## [Data]
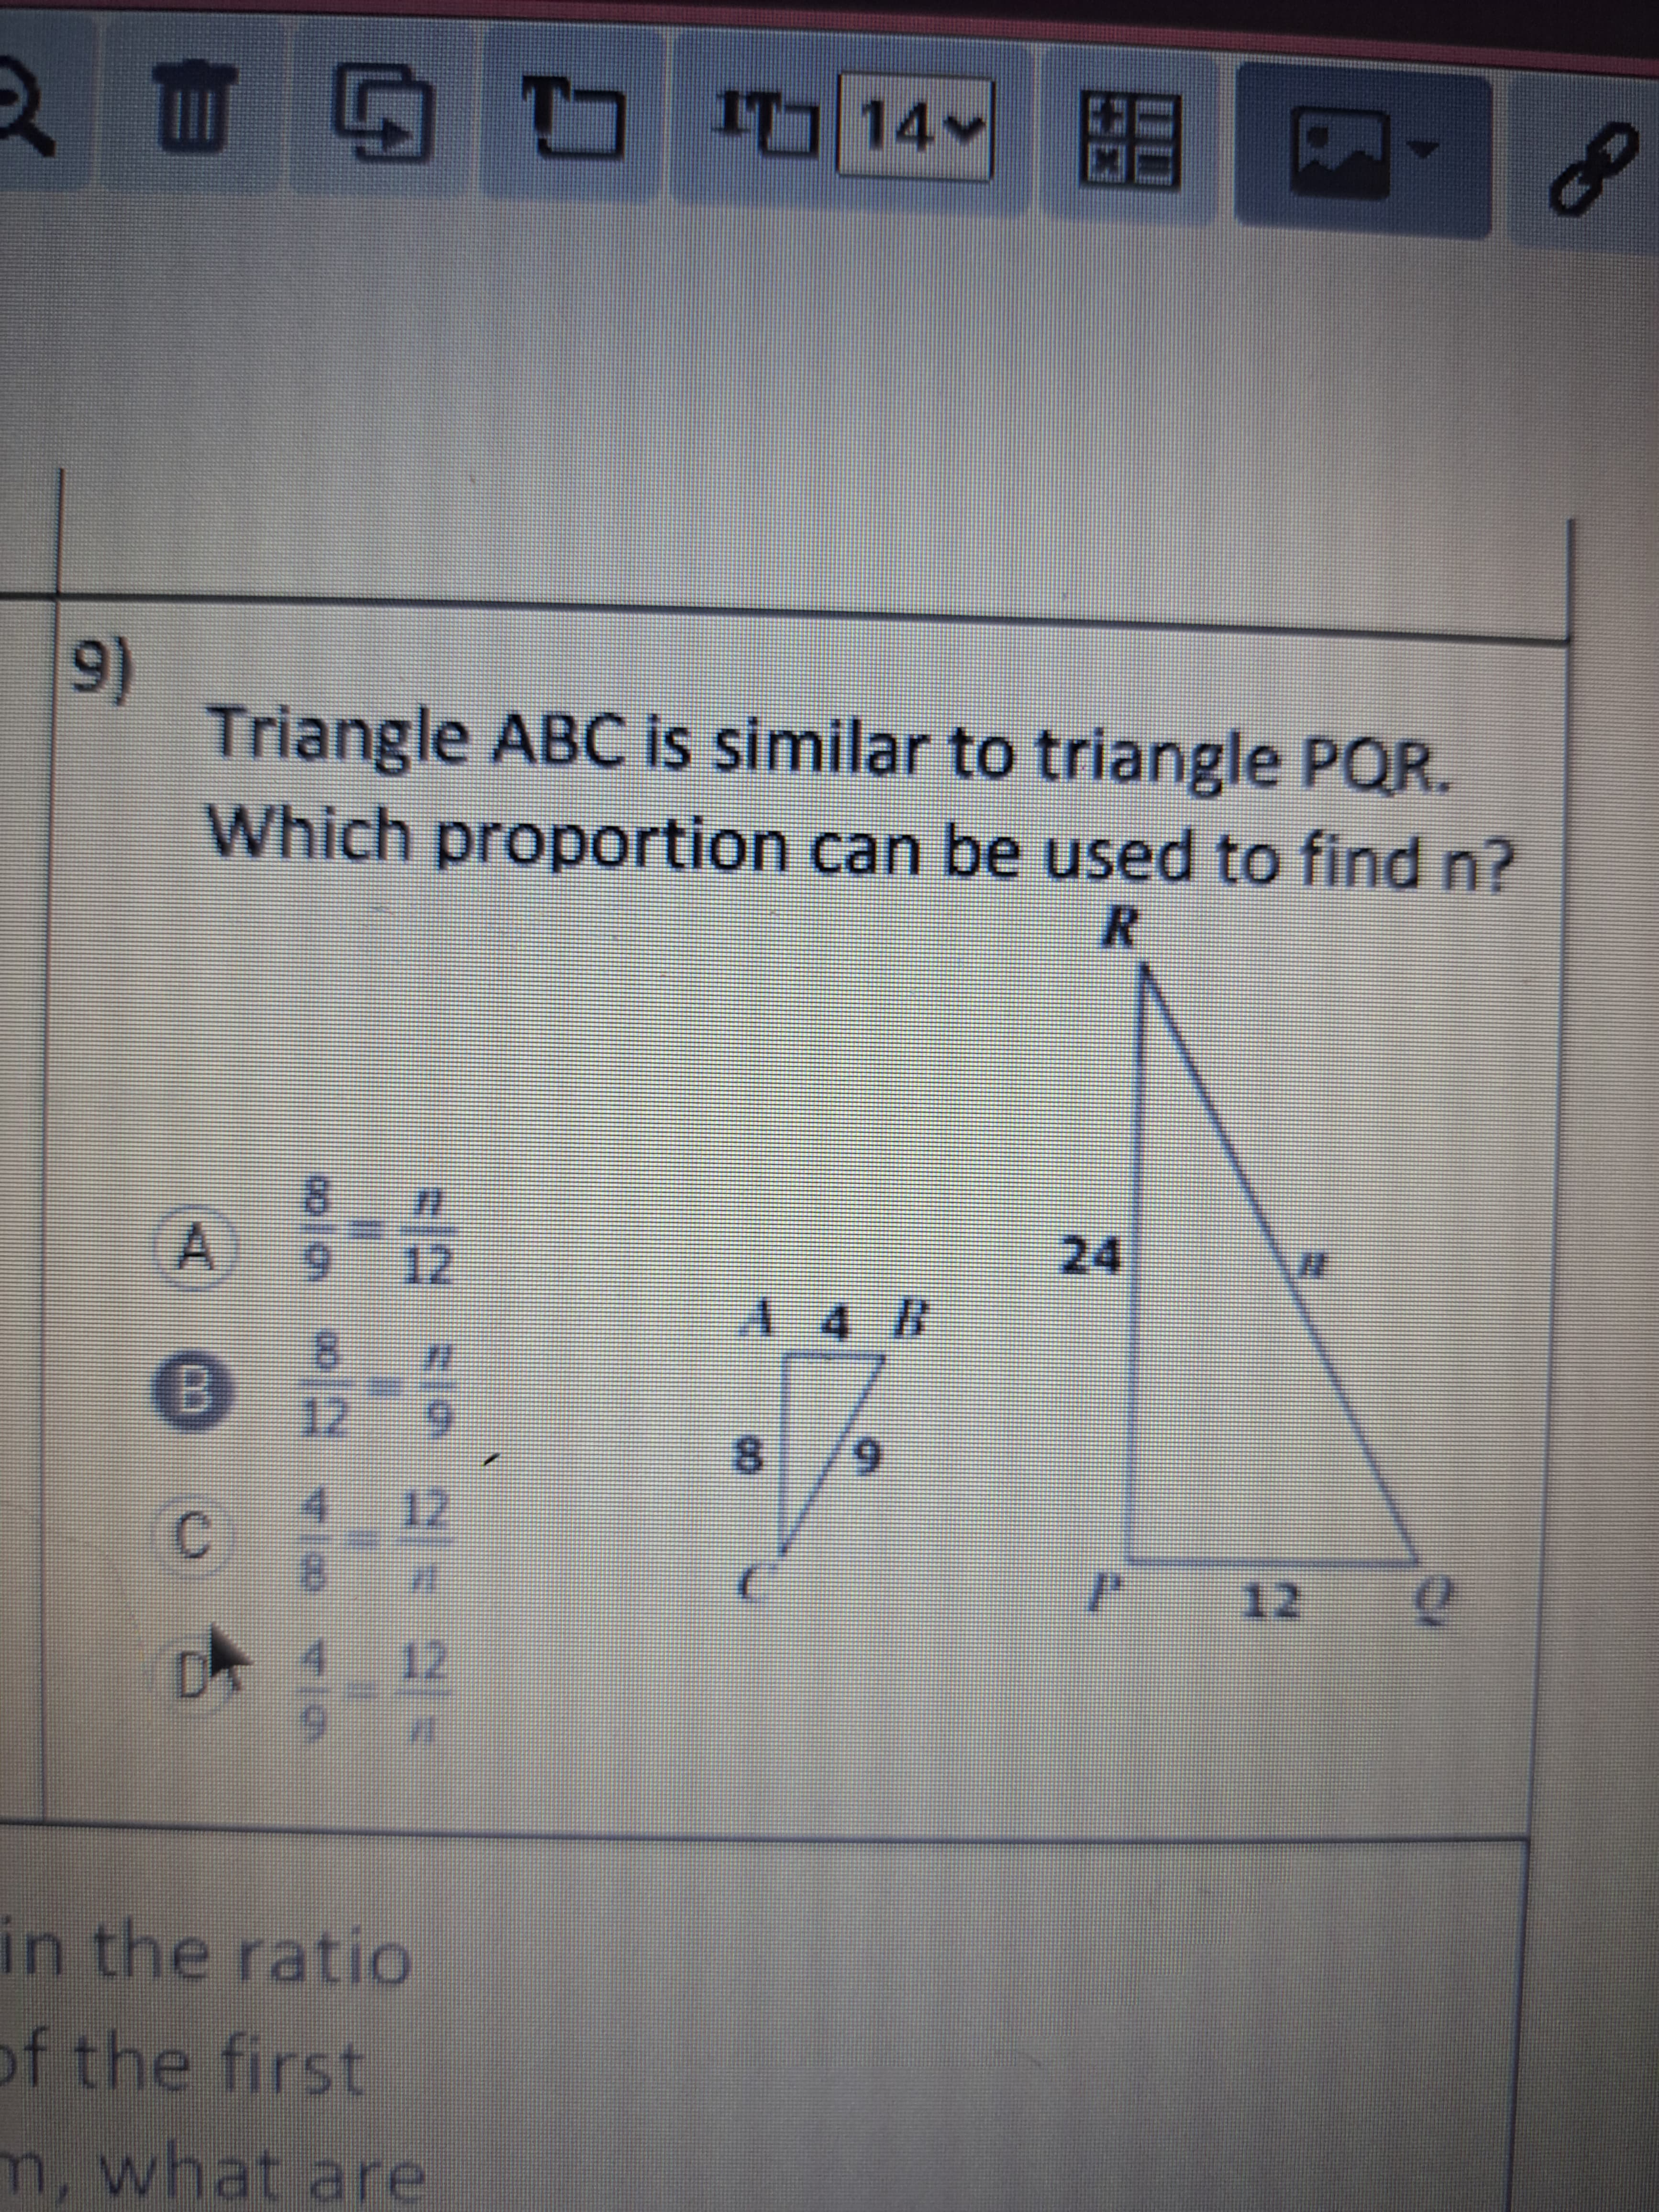 2
9)
3
T
1¹14M
Triangle ABC is similar to triangle PQR.
Which proportion can be used to find n?
N
B
A 9 - 1/12
C
0000240
DA
TO
52 5° 25 25
12
14
in the ratio
of the first
m, what are
A4 B
9
√
2
12 0
##

## [Exercise]
Write the full listing out again with every line unchanged, but include no pictures.

## [Written reply]
 2
9)
3
T
1¹14M
Triangle ABC is similar to triangle PQR.
Which proportion can be used to find n?
N
B
A 9 - 1/12
C
0000240
DA
TO
52 5° 25 25
12
14
in the ratio
of the first
m, what are
A4 B
9
√
2
12 0
##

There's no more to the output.